Verschärfung der Ersatzfreiheitsstrafe: Gefangene müssen länger schuften
Der Bund hat Ersatzfreiheitsstrafen erst kürzlich halbiert. Nun reagiert der Berliner Senat mit einer Verschärfung der Regeln für gemeinnützige Arbeit.
![Wachturm, hohe Mauern und Scheinwerfer hinter Maschendraht und Stacheldrahtzaun Wachturm, hohe Mauern und Scheinwerfer hinter Maschendraht und Stacheldrahtzaun](https://taz.de/picture/6855464/14/34716182-1.jpeg)

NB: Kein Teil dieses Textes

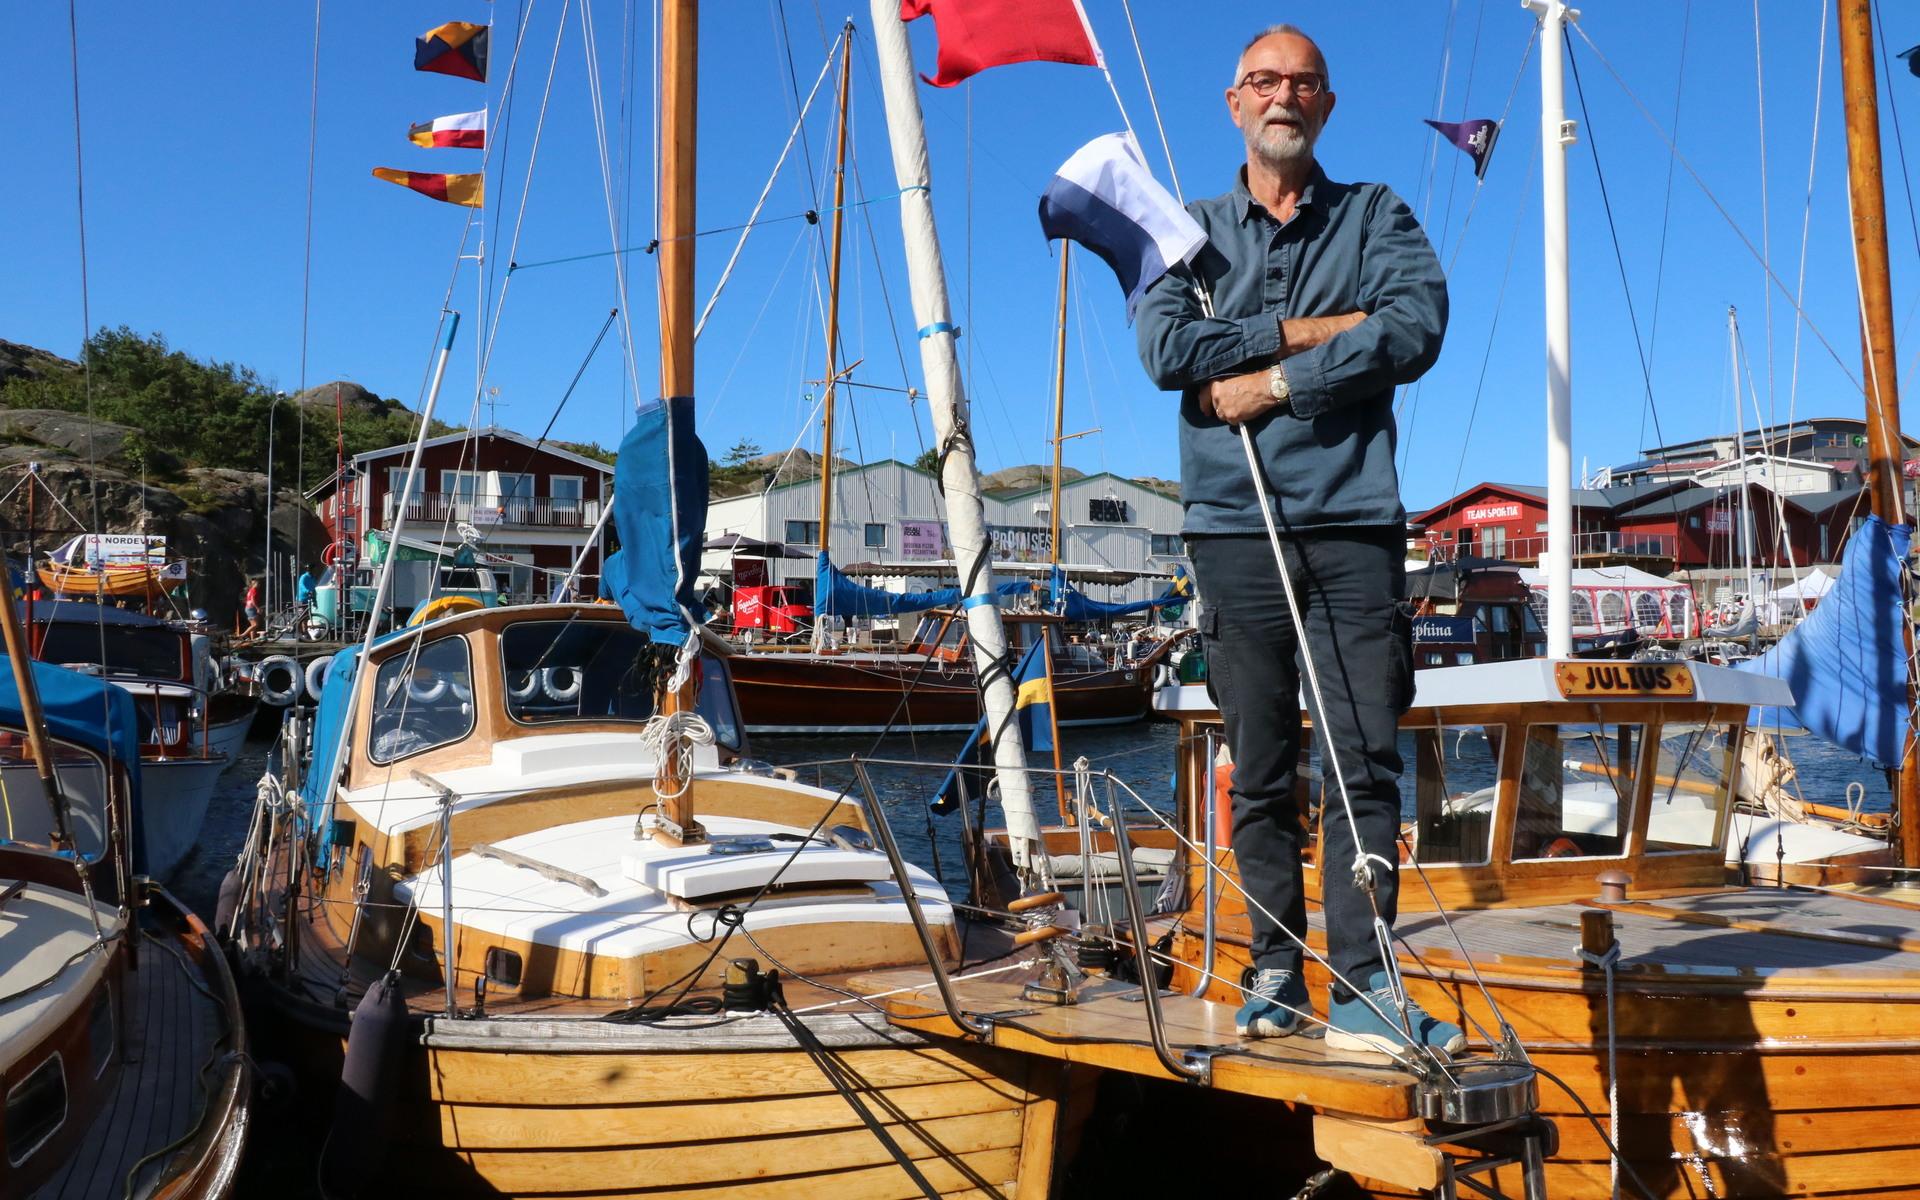 Bengt Alvén från Orust har medverkat vid träbåtsfestivalen flera gånger tidigare, med sin Hulda som är byggd 1970 i Kungsviken.

Grundsätzlich richtet sich die Dauer einer Ersatzfreiheitsstrafe nach der Anzahl der Tagessätze, zu denen Betroffene verurteilt werden. Bis Januar galt: pro Tagessatz ein Tag in Haft. Seit Februar ist es nur noch die Hälfte. Betroffene können die Zeit im Knast weiter verkürzen, indem sie arbeiten – etwa durch Gärtnern oder Reinigungs- und Hausmeisterdienste.
Vier Stunden solcher Arbeit entsprachen in Berlin bislang einem Hafttag. Erst 2021 hatte sich die damals rot-rot-grüne Koalition auf diese Stundenzahl geeinigt, weil die Betroffenen wegen psychischer oder Suchterkrankungen oft nicht in der Lage sind, länger zu arbeiten. Diese Erleichterung will die Justizsenatorin nun kassieren und die Stunden wieder auf sechs erhöhen.
Linke und Grüne im Abgeordnetenhaus sind entsetzt. Der rechtspolitische Sprecher der Linksfraktion, Sebastian Schlüsselburg, warf Badenberg am Dienstag „Ignoranz und Voreingenommenheit“ vor. Er befürchtet, dass mehr Menschen das Programm „Arbeit statt Strafe“ abbrechen könnten und sich so deren Haftdauer erhöht.
„Diese Menschen brauchen soziale Hilfe“
Petra Vandrey, Rechtsexpertin der Grünen-Fraktion, erinnerte an die „multiplen Problemlagen“ der Betroffenen, die ihre Strafe nicht bezahlen können: „Diese Menschen brauchen soziale Hilfe und keine Gefängnisstrafen. Schon gar nicht brauchen sie eine Disziplinierung durch erhöhte Arbeitszeiten.“
Die Justizverwaltung erklärte, sowohl die Verkürzung der Stundenzahl als auch die Halbierung der Haftzeiten hätten das Ziel, den Justizvollzug zu entlasten. Durch beide Maßnahmen zusammen käme es zu einer „doppelten Begünstigung der Verurteilten“. Das müsse „im Hinblick auf die materielle Gerechtigkeit“ vermieden werden. Eine „unnötige Belastung des Vollzuges und des Haushaltes“ sehe man nicht.
Dabei übersteigen die Haftkosten die verhängten Geldstrafen bei weitem: Im Jahr 2022 kostete ein Tag im Berliner Knast den Staat im Schnitt 230 Euro. Gleichzeitig beträgt eine übliche Strafe für wiederholtes Fahren ohne Fahrschein 30 Tagessätze à 15 Euro – also 450 Euro, die Betroffene durch 15 teure Tage im Gefängnis absitzen müssen. In Berlin befanden sich Mitte Februar 348 Menschen zur Verbüßung einer Ersatzfreiheitsstrafe im Gefängnis, viele davon wegen Schwarzfahrens.